By ‘presence’ I also mean: in the front. Beyond the imaginary forefront the image is strongly present in its modesty. It is the purity of the composition, most clearly in the painting of the woman with the thin veil from the ‘St. Janshospitaal’. In the composition the painter has achieved a delicate point.
I don’t think there is anything more real than what I am observing at this moment ..”
Behold the paradox in its full scope. Reality being revealed to you through the langauage of a painted reality. An illusion that evokes a reality which is more real than real.
Partly as a result of this experience I came to realize that this is essentially what I am looking for in my work. To be reminded of this moment. Instead of longing to go back to the moments when I observed light-situations for the first time, I want to bring everything into the present, the only moment that counts.
This is why I can use very different photographic pictures as a starting point for a painting. The historic specificity of the photographic picture that I use as a starting point is relative. It provides the entourage for organizing the paint. And it doesn’t make any difference whether I take an interior, a skyline or a street scene as a starting point.
The unity in my work, that which links my paintings is the space that develops in the process of painting. The generous space, as I call it. Unselfish, accessible to anyone who is willing to observe. The same effect is brought about by the paintings from the second group (see above). The painting constantly draws your attention to your own reality. The reality of the beholder; to quote Schopenhauer: you observe yourself in what you see. At that moment you are unmistakably reminded of yourself, of your own sensitivity.
The accents in my pictures bring the piece of work to this place (of the painting)
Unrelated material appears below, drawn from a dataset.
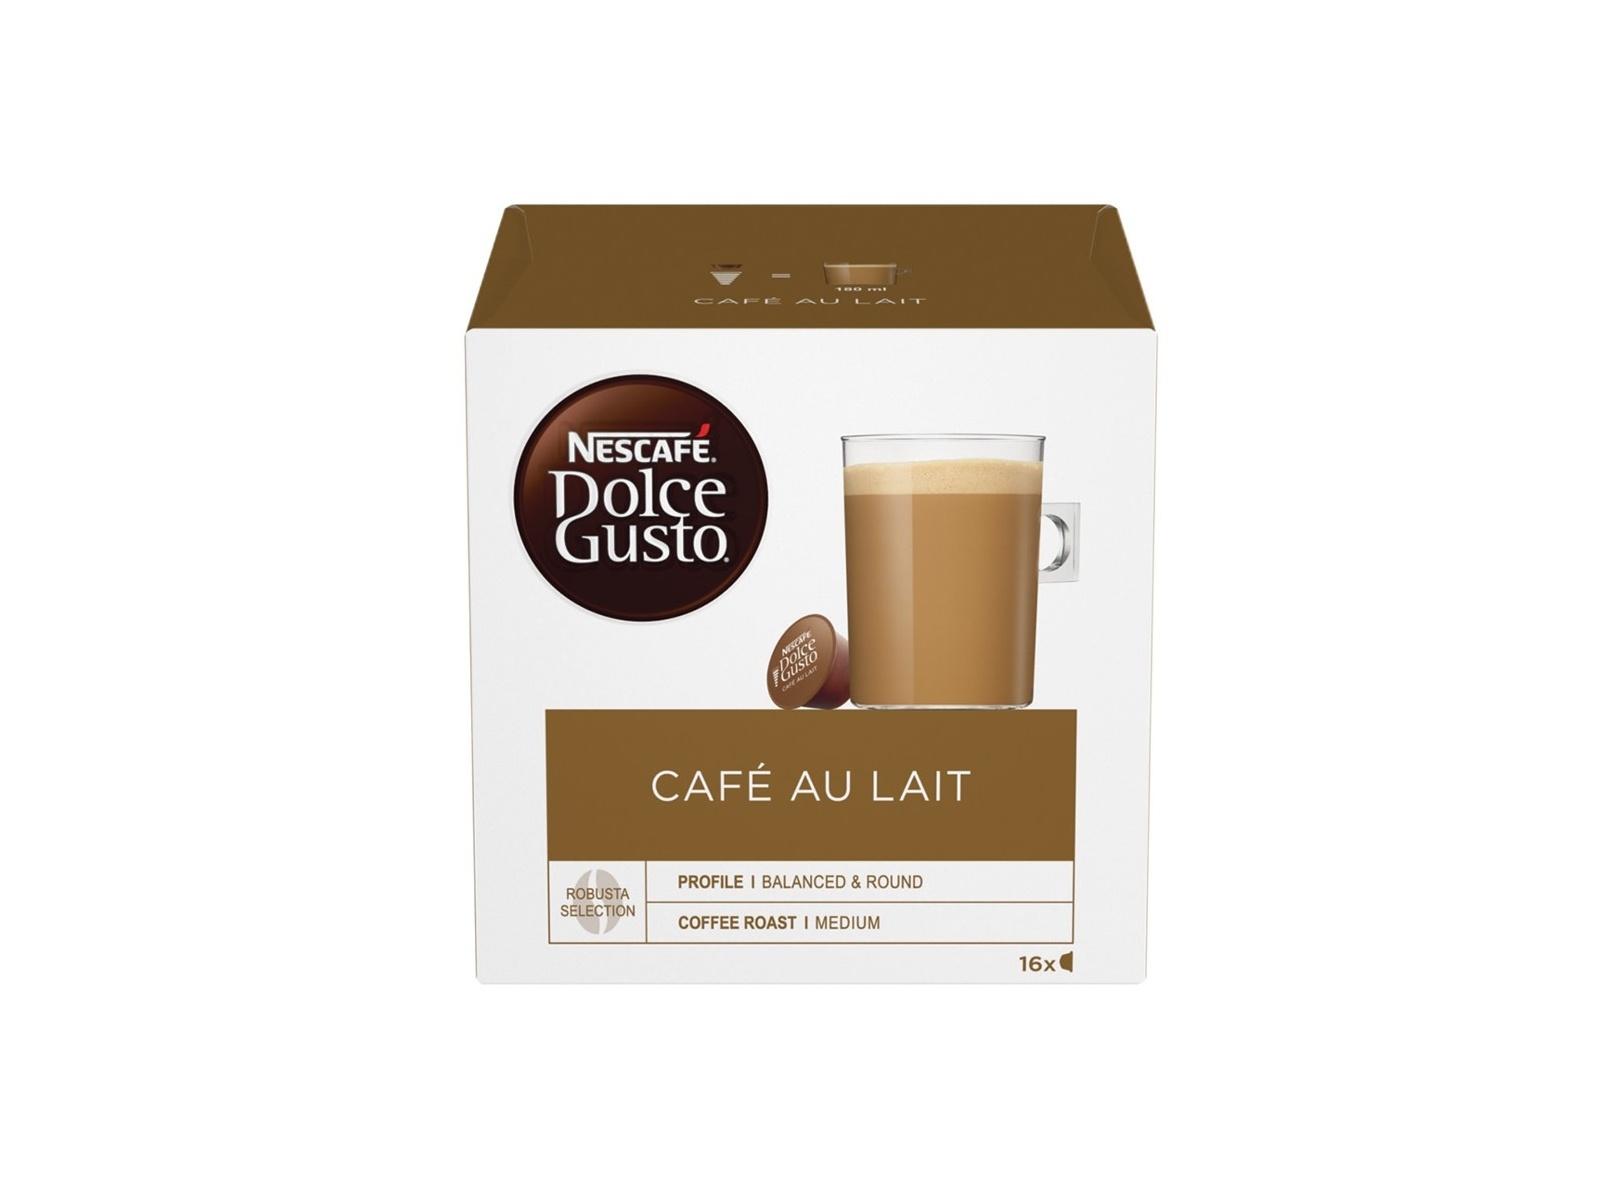 Selected image for Nescafe Dolce Gusto Cafe au Lait Kapsule za kafu, 16 komada, 160g
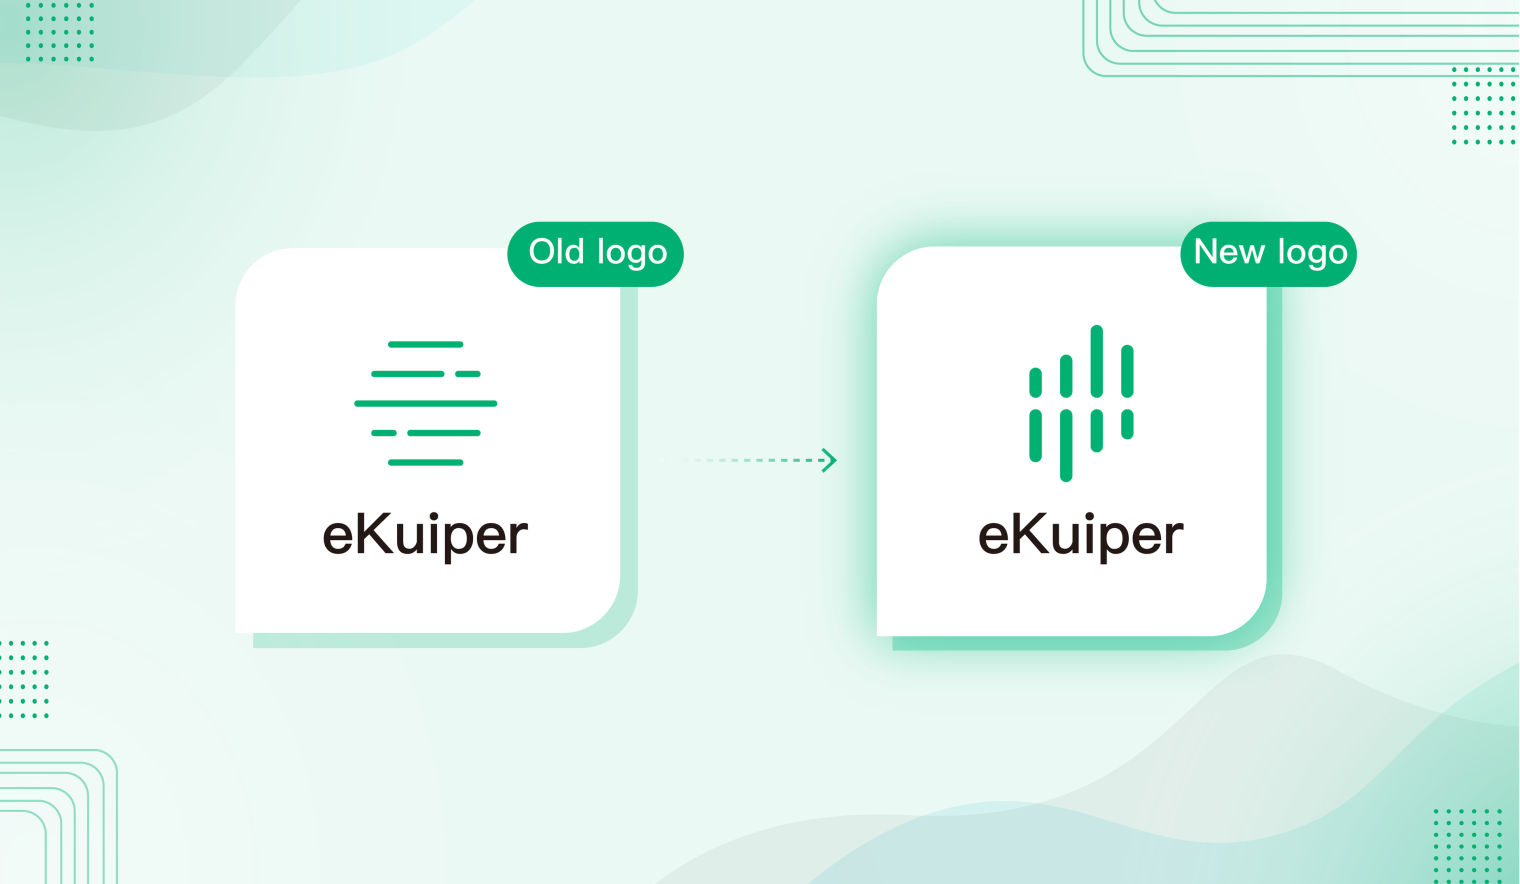 eKuiper old logo vs new logo

and this moment (of beholding). In contrast to Mondriaan and Van der Leck I am not concerned about the universal or the absolute. What fascinates me is that which develops between the historic, place- and time bound incident (the image) on the one hand, and the movement of the accents saying only ‘now’ on the other hand. I want to emphasize that my generous space does not imply a mystification in the sense of metaphorical, allegorical or other levels of meaning. The value lies in the act of observing. And again- and observing again and seeing the image as a specifically organized image of paint. Instead of sticking to the recognition of what is represented, or looking for hidden meanings or messages by the maker. Removing the continuous conflict between the image and what is intended.
The meaning of what you see lies in the way it affects you while you’re observing, in the way it changes your mental state.
In June 2005 Memling said: you, there, now!